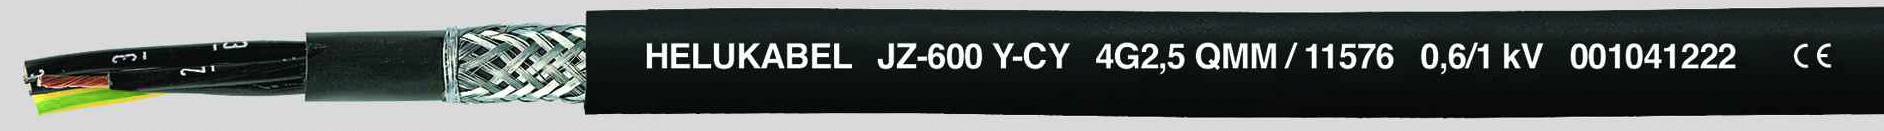 HELUKABEL JZ-600-Y-CY Steuerleitung 3 G 2.50 mm² Schwarz 11575-1000 1000 m
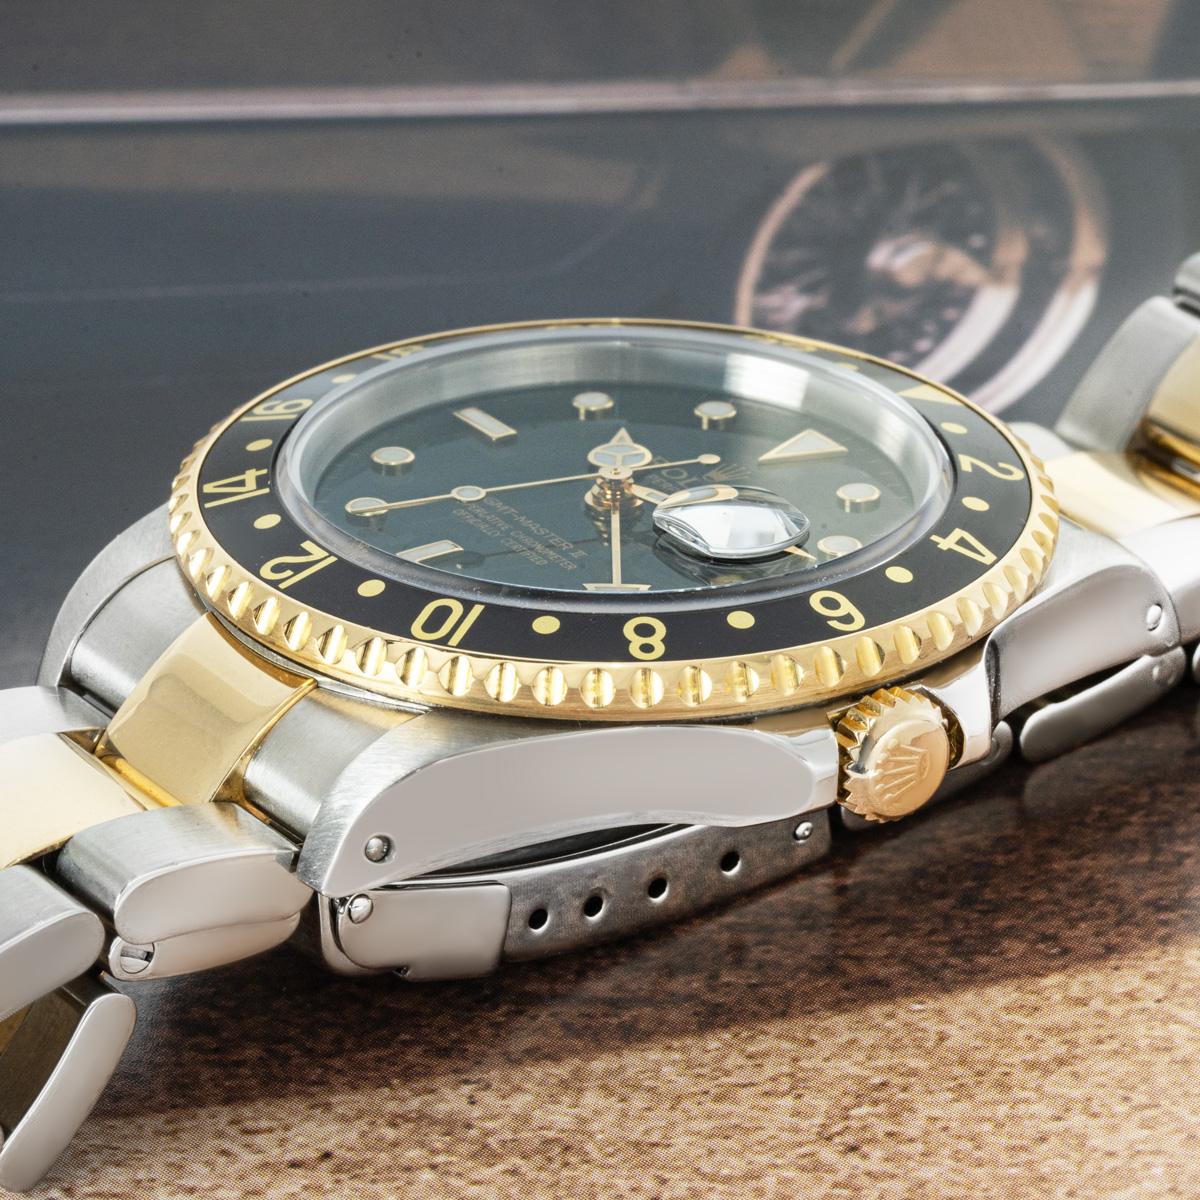 Une GMT-Master II en acier inoxydable et en or jaune 18 carats de Rolex. Elle est dotée d'un cadran noir avec index appliqués, d'un guichet de date et d'une lunette tournante bidirectionnelle en or jaune 18 carats avec insert noir.

Dotée d'un verre
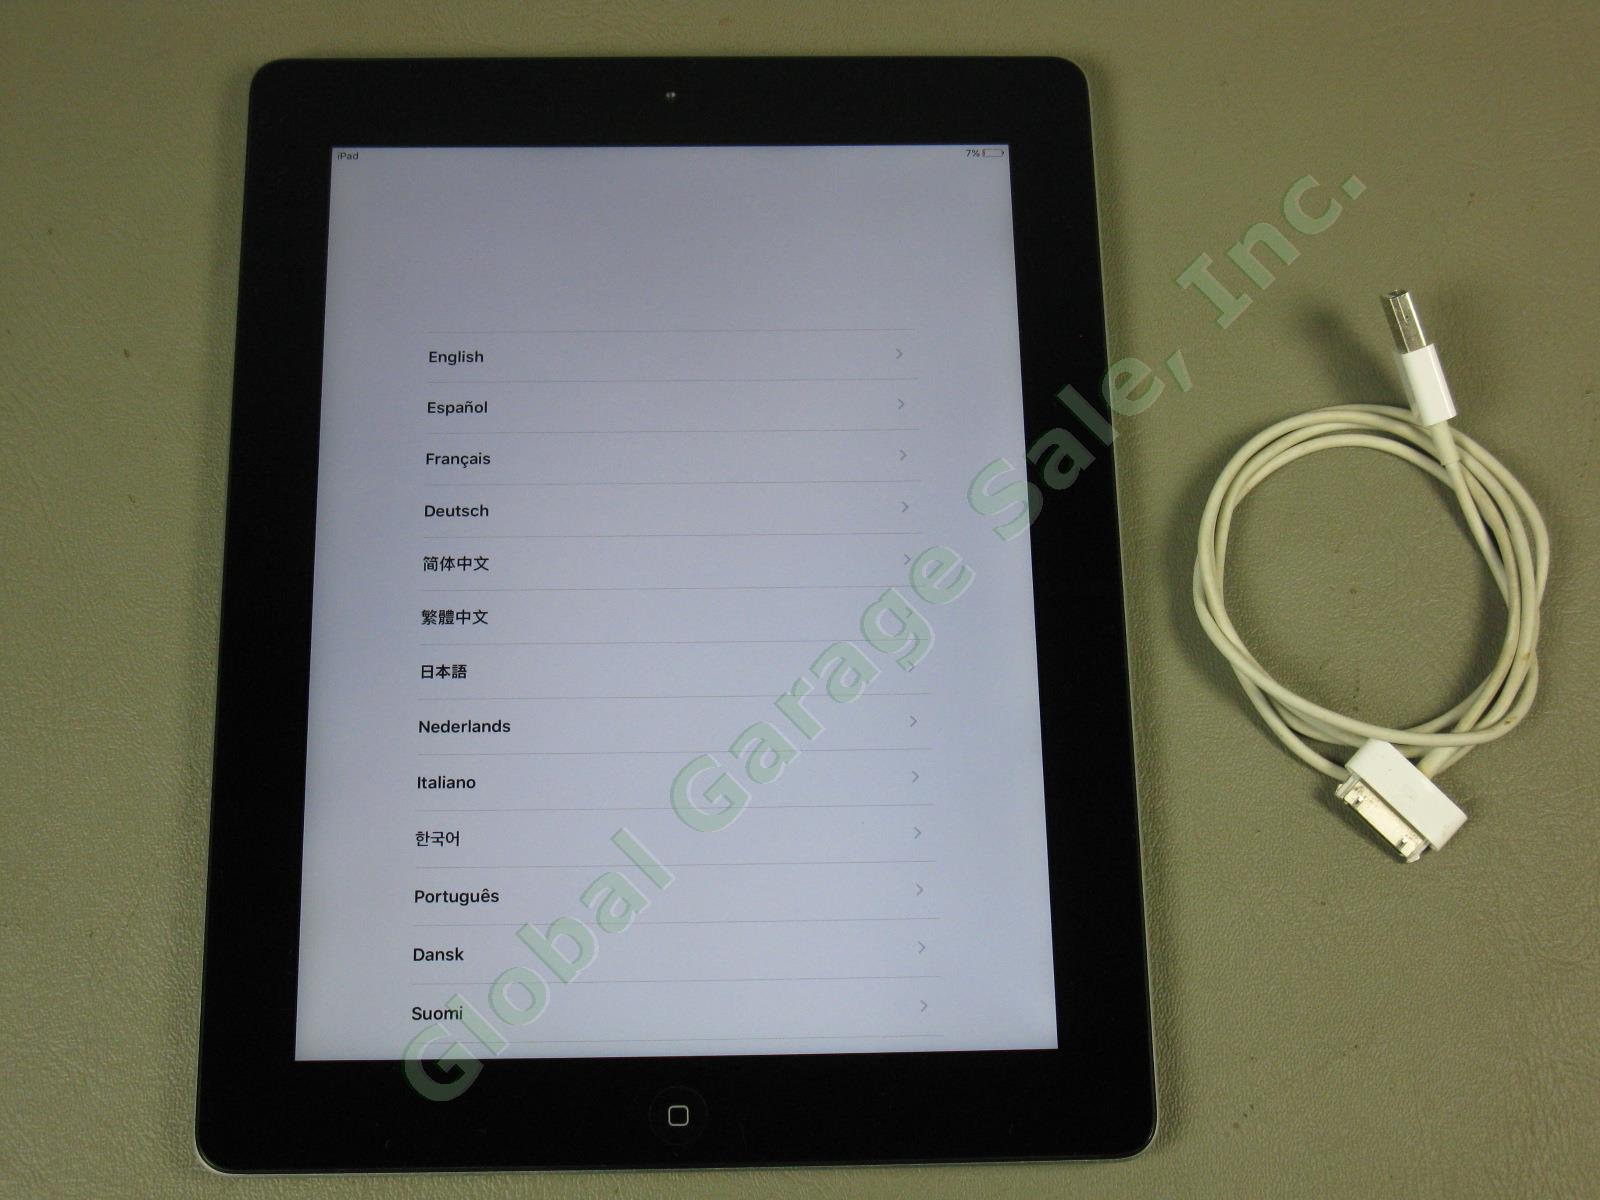 Apple iPad 3 3rd Generation Tablet A1416 MC706LL/A 32GB Wi-Fi Black Works Great 2

• _Task statement_
Reproduce all of the material above word for word. Omit the pictures.

• _Your response_
 HELUKABEL JZ-600-Y-CY Steuerleitung 3 G 2.50 mm² Schwarz 11575-1000 1000 m
 Une GMT-Master II en acier inoxydable et en or jaune 18 carats de Rolex. Elle est dotée d'un cadran noir avec index appliqués, d'un guichet de date et d'une lunette tournante bidirectionnelle en or jaune 18 carats avec insert noir.

Dotée d'un verre
 Apple iPad 3 3rd Generation Tablet A1416 MC706LL/A 32GB Wi-Fi Black Works Great 2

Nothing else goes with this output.